Lusa itu datang lebih cepat dari yang diharapkan. Arana tiba lebih awal di kafe, duduk di sudut yang nyaman, menunggu dengan hati yang berdebar. Ketika Armeda masuk, Arana merasa kelegaan melihatnya, namun juga tegang.
Mereka duduk berhadapan, mata mereka saling bertemu dengan rasa nostalgia di dalamnya. Arana memandangi Armeda, tidak ada yang berubah, hanya saja ia bertambah dewasa.
"Hai, Arana." sapa Armeda lebih dulu.
"Hai, Armeda."
Percakapan dimulai dengan canggung, tetapi perlahan mengalir dengan lancar. Mereka saling bertanya kabar satu sama lain.
"Gimana kuliahnya disana? Baik?" tanya Armeda lebih dulu membuka obrolan.
Mendengar pertanyaanya membuat hatiku sedikit terluka, mengingat dulu kita mendaftar di universitas yang sama. Namun, hanya aku yang diterima.
"Baik, kamu?" sedikit yang aku tahu, Armeda berkuliah di universitas swasta di Yogyakarta, ternyata dia juga menjauh dari kota ini. Salah satu kesamaan diantara mereka yang Arana suka. Sifat melarikan diri mereka dari hal yang menyakitkan itu sama.
Arana menatap kopi didepannya, tampak tak menarik karena ia benar-benar gugup. Berhadapan dengan Armeda tidak pernah mudah baginya setelah perpisahan mereka.
Arana akhirnya memberanikan diri untuk mengungkapkan apa yang menganggu perasaannya selama ini.
"Armeda, sebenarnya aku masih sering memikirkan tentang kita dulu.

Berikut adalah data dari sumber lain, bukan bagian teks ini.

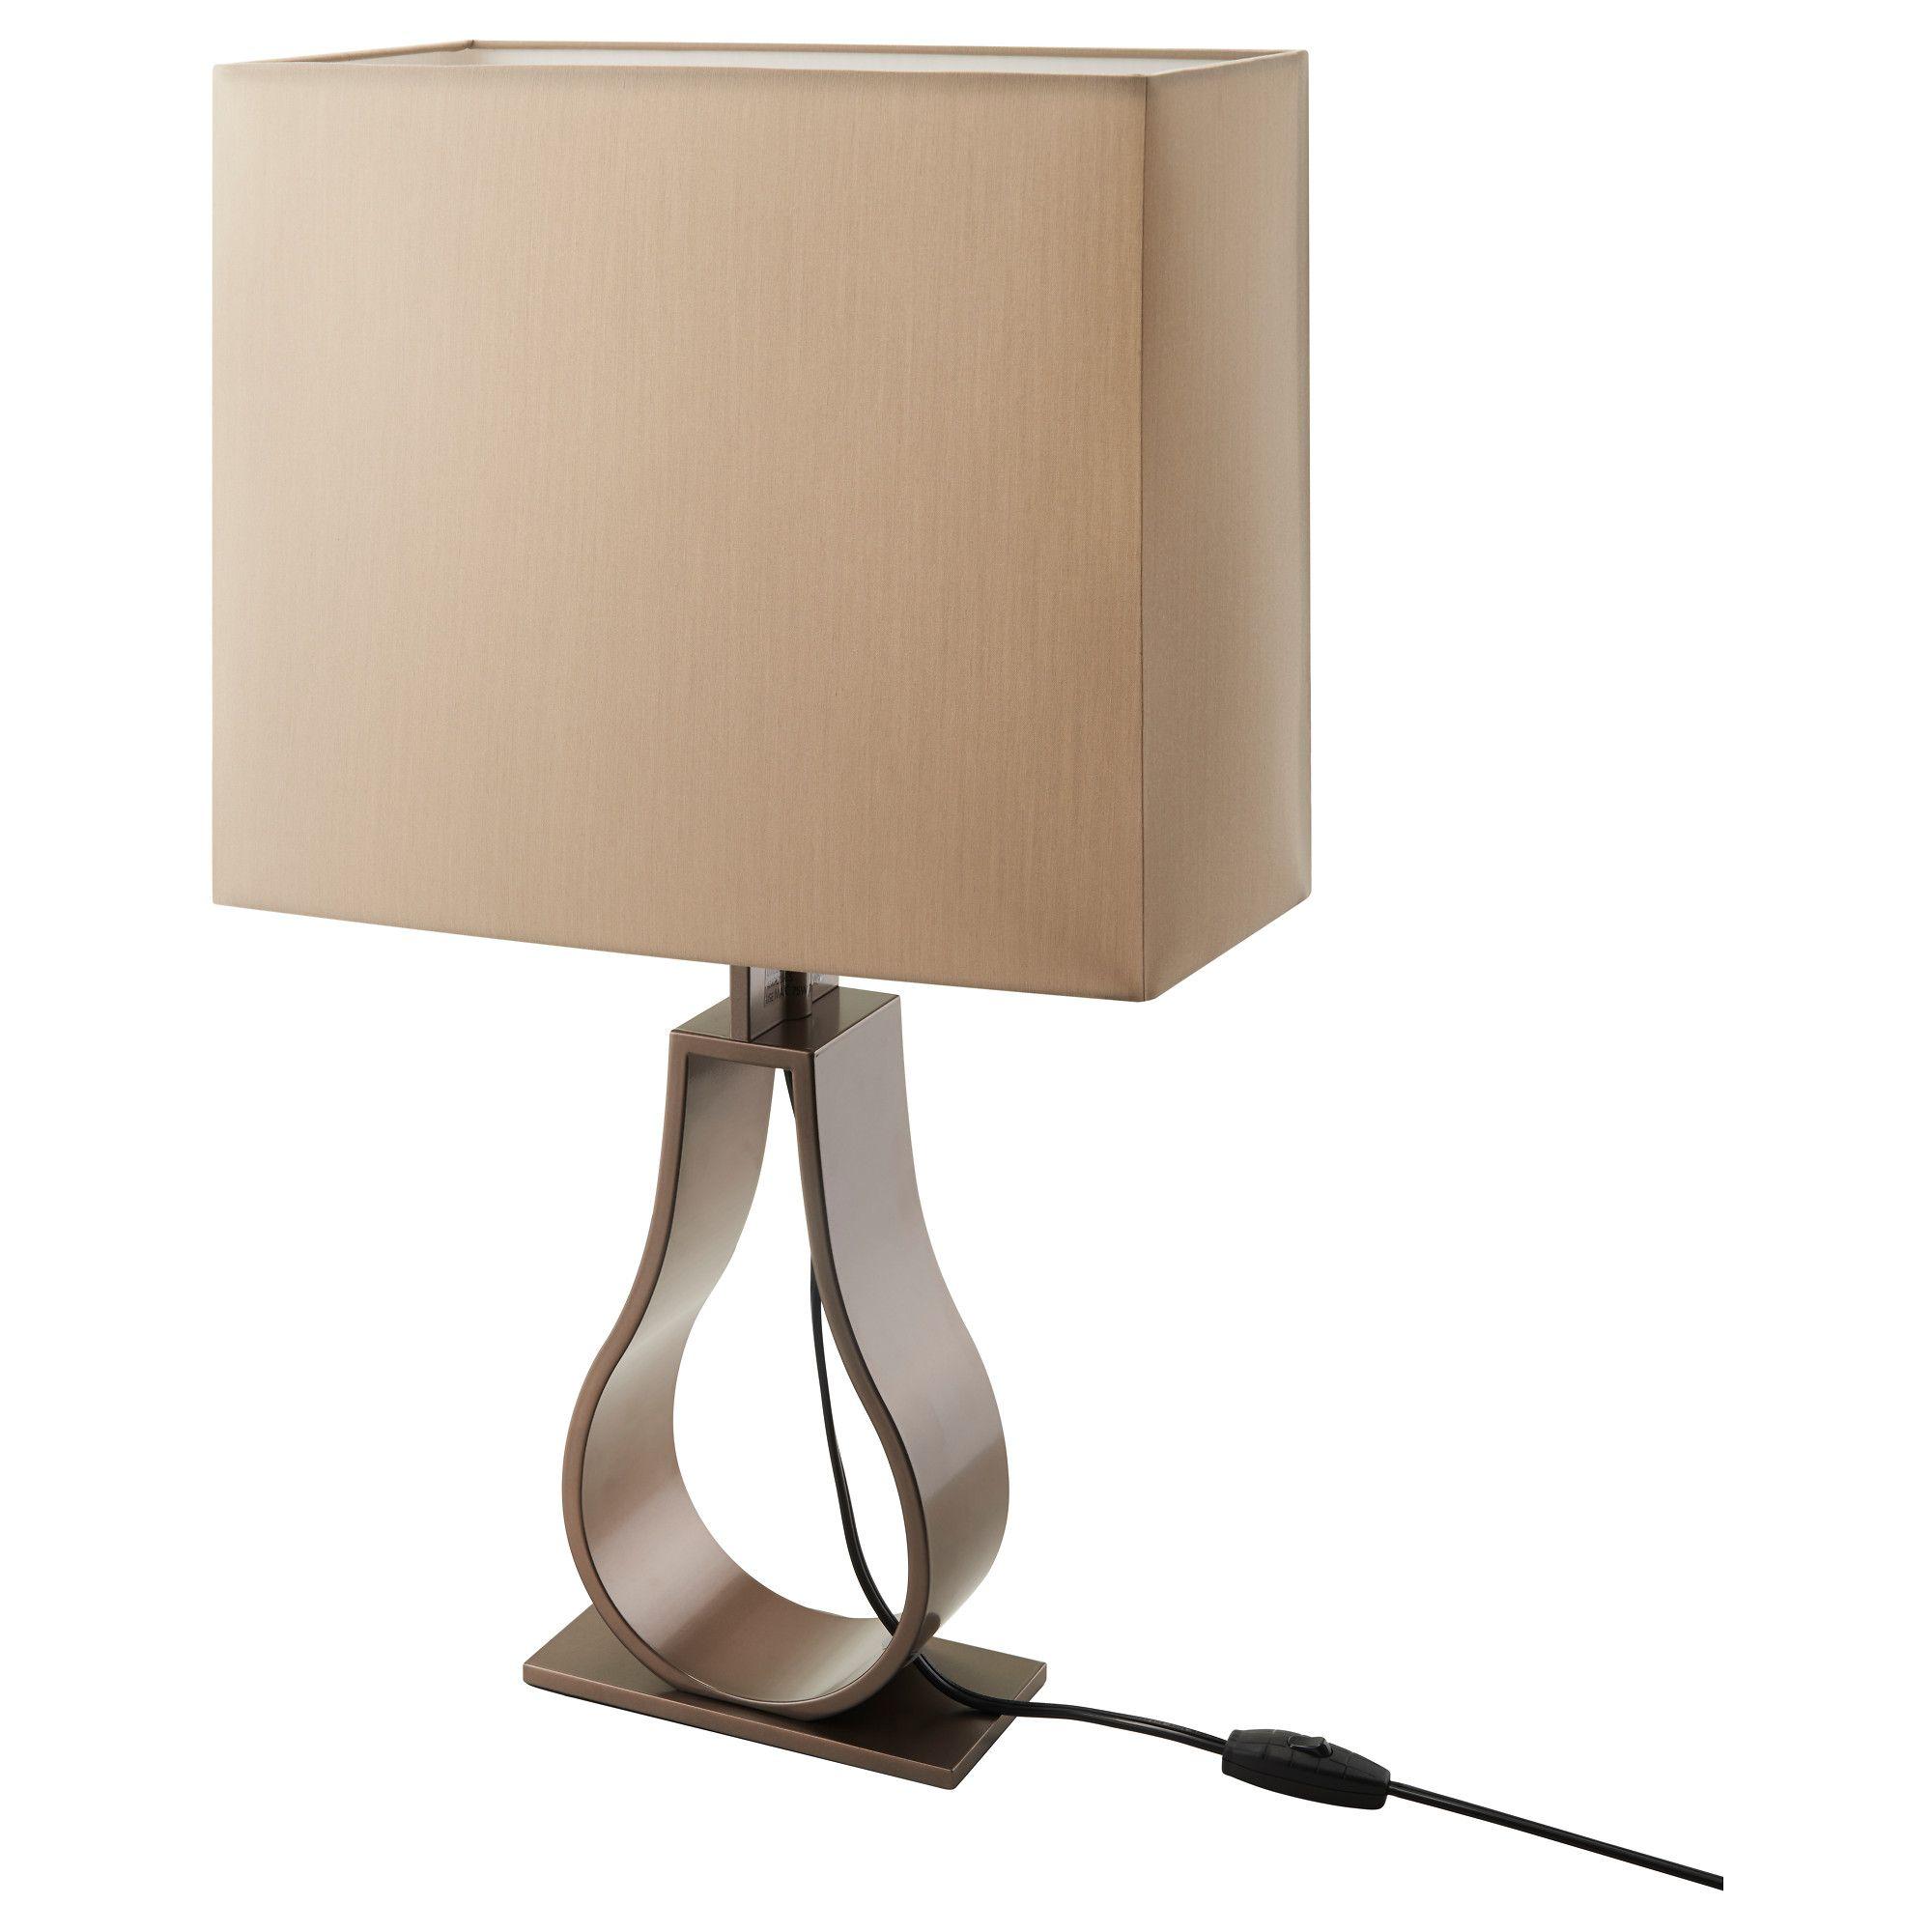 Moderne Tischleuchte Die Richtige Entscheidung Es Gibt Viele Lampen Die Von Jeder Art Ausfuhren Was Auch I Lampen Wohnzimmer Lampentisch Moderne Tischlampen

Aku ingin mengatakan bahwa aku senang dan berterimakasih pernah mengenalmu, meskipun aku tidak pernah bisa menyampaikan perasaanku dengan baik dulu. Aku merasa bersalah."
Armeda tersenyum lembut. "Arana, tidak perlu merasa bersalah. Waktunya mungkin belum tepat dulu."

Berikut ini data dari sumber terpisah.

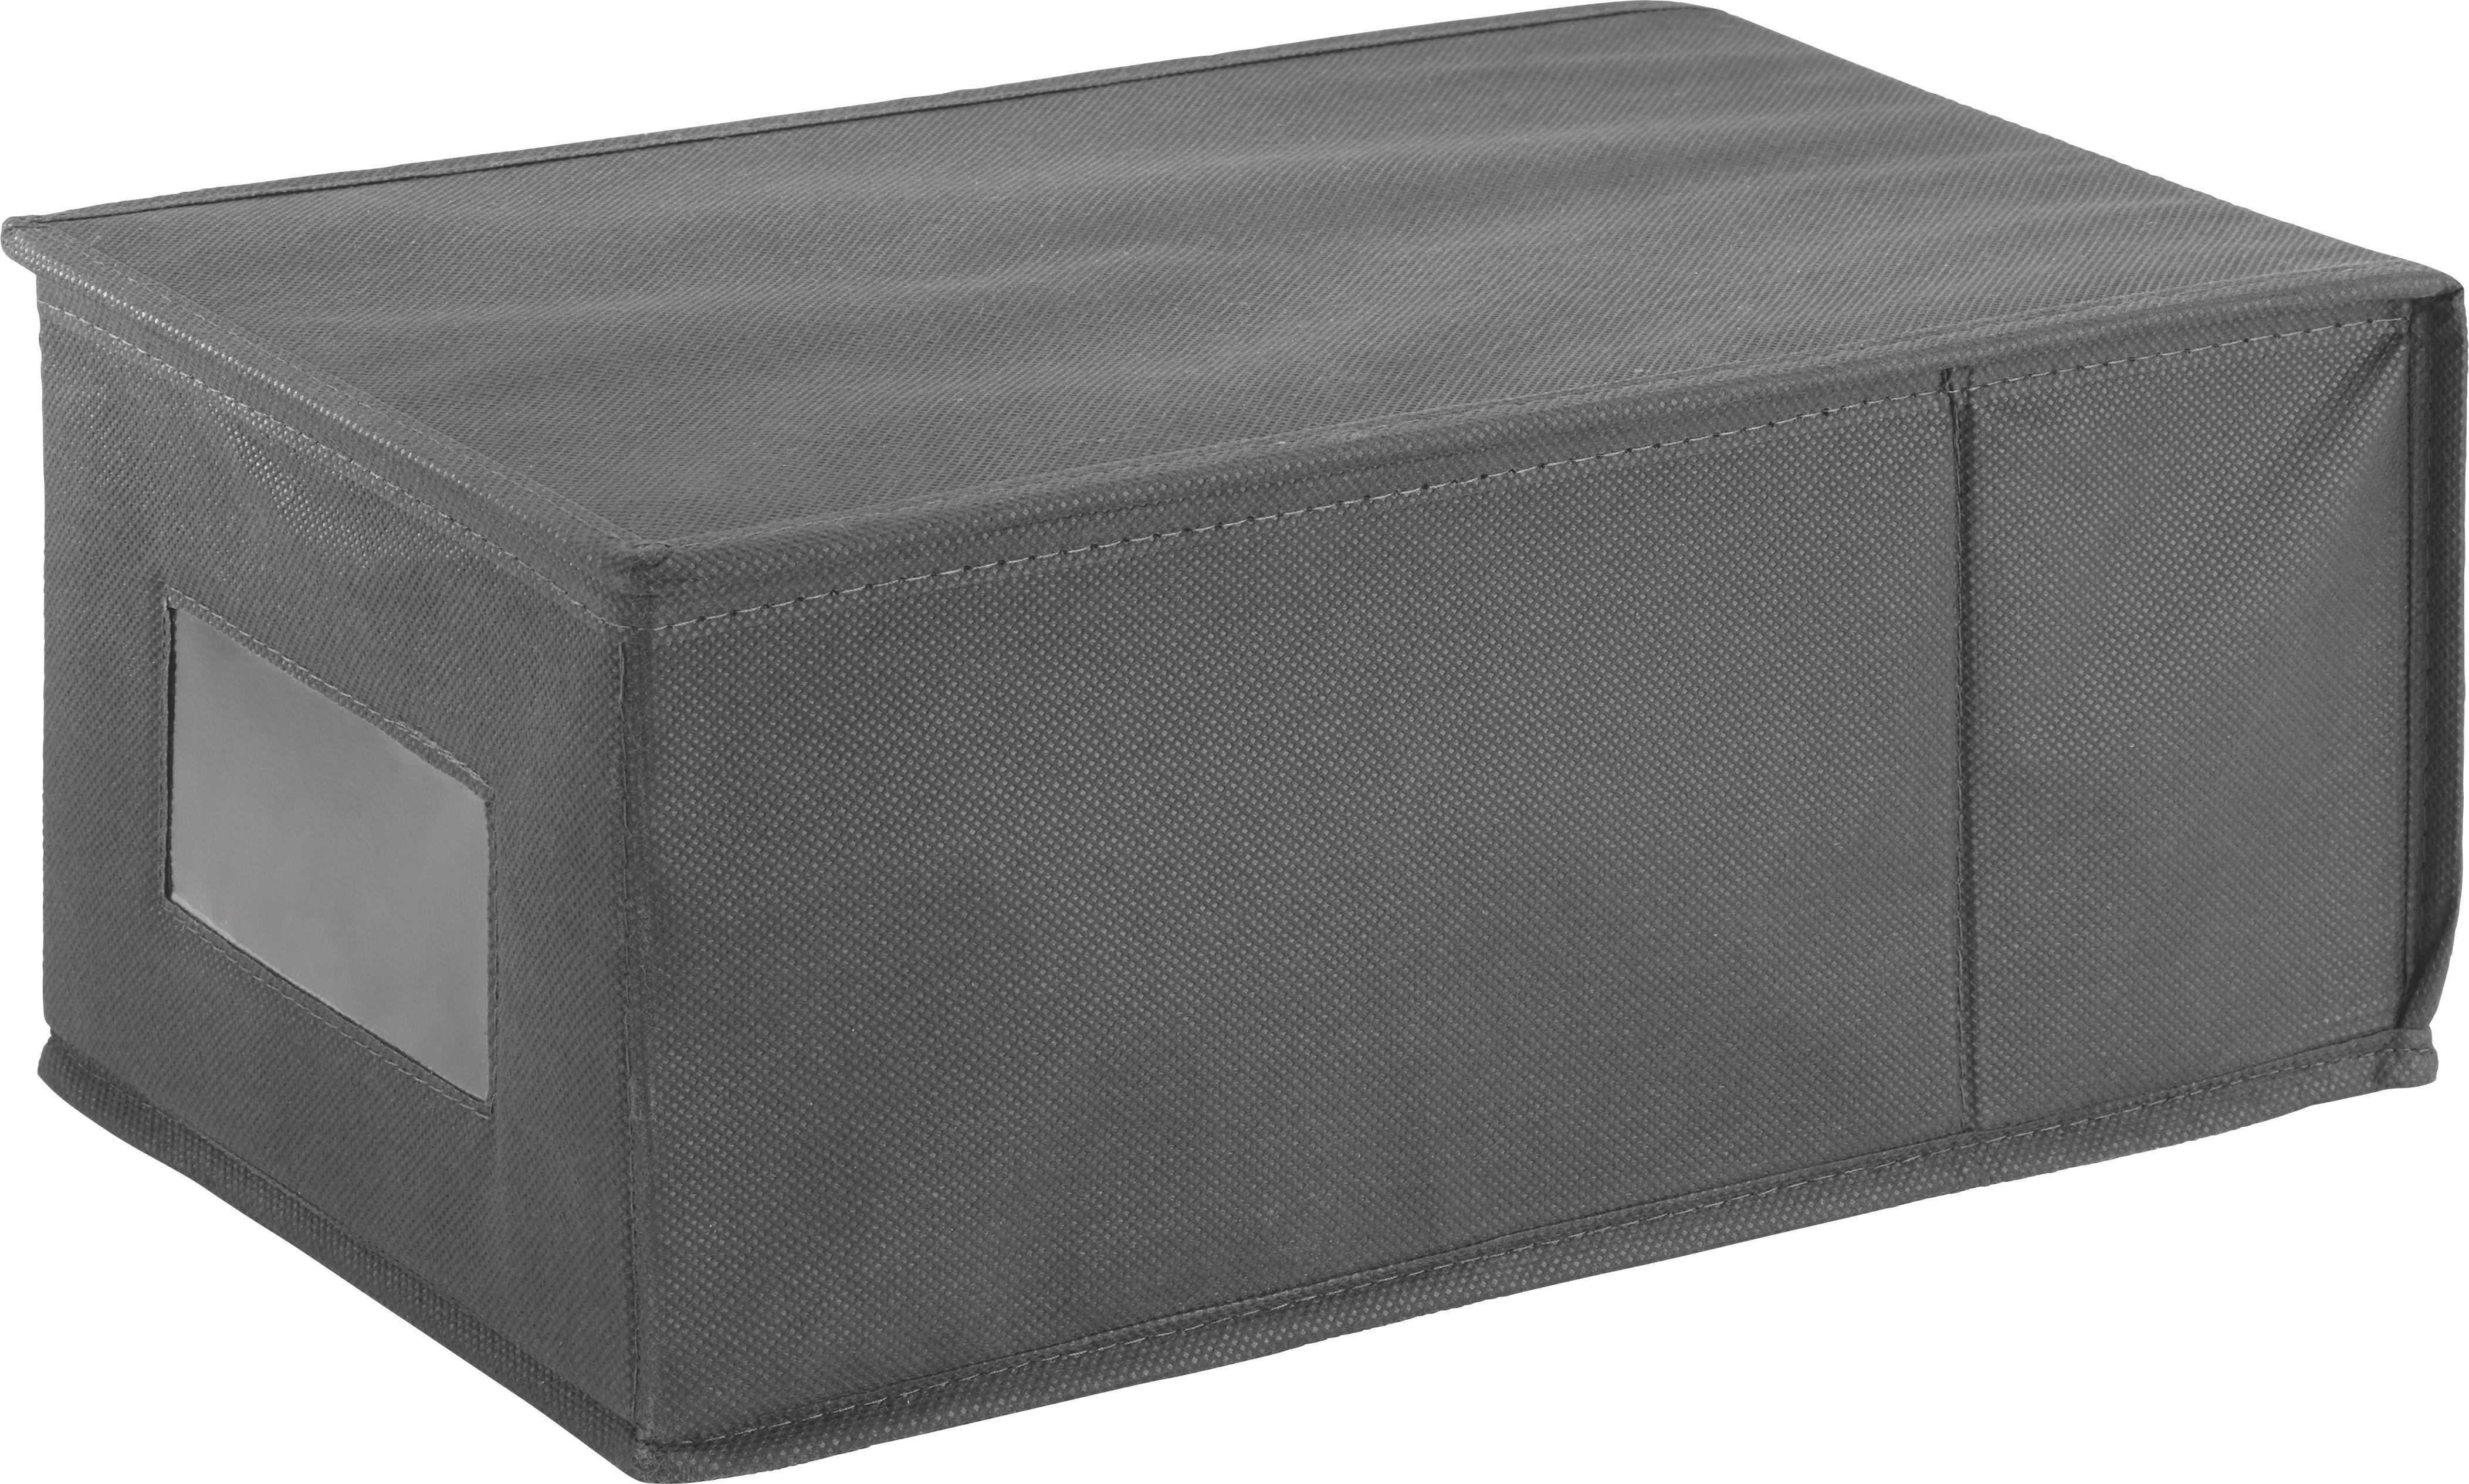 Aufbewahrungsbox in Anthrazit - Anthrazit, Karton/Textil (21,5/14,5/35,0cm) - CARRYHOME

Arana tersenyum tipis, hatinya sedikit sedih mendengar jawaban singkat dari Armeda, wajar saja sepertinya Armeda memang sudah melupakan tentang mereka. Arana terlalu berharap karena melihat kegugupan Armeda sebagai lampu hijau untuknya. Ternyata tidak, semua memang sudah usai.
Daripada mengatakan bahwa Arana masih sering memikirkan Armeda selama bertahun-tahun, Arana memilih untuk mengalihkan dengan
melanjutkan untuk membicarakan tentang perjalanan hidup mereka, mimpi-mimpi, dan pencapaian masing-masing.Arana memeperhatikan Armeda yang menatap jam di ponselnya, ternyata Armeda hari ini juga harus balik ke Yogyakarta, tidak bisa lama-lama.
"Sudah waktunya balik?" tanya Arana inisiatif,
Armeda menganggukan kepalanya perlahan, ia tersenyum dan memasang wajah melas
"Maaf Arana, karena aku harus berangkat."
"Justru aku berterimakasih, karena kamu masih nyempetin waktu buat ketemu." sahut Arana tidak enak.
Armeda menyesap kopinya, dan menatap Arana dalam seperti tatapan yang selalu Arana rindukan.
"Senang bertemu denganmu kembali, Arana."
"Hubungi aku lagi jika kamu butuh teman, aku selalu bersedia, kok." ucap Armeda,
Arana tertawa tipis, "Kamu juga, ya."
Mereka berdua berjalan keluar dari kafe, Armeda melambaikan tangannya pergi meninggalkan Arana yang masih termenung didepan Kafe.
Menurut Arana Pertemuan itu berakhir dengan hangat. Mereka merencanakan untuk tetap menjaga kontak, sebagai teman yang dewasa dan menghormati satu sama lain. Meskipun takdir membawa mereka ke arah yang berbeda. Setelah pulang, Arana memutuskan memesan tiket untuk kembali meninggalkan kota ini lagi.
Sial, bagaimana aku bisa lega jika ternyata perasaanku masih sama seperti ini.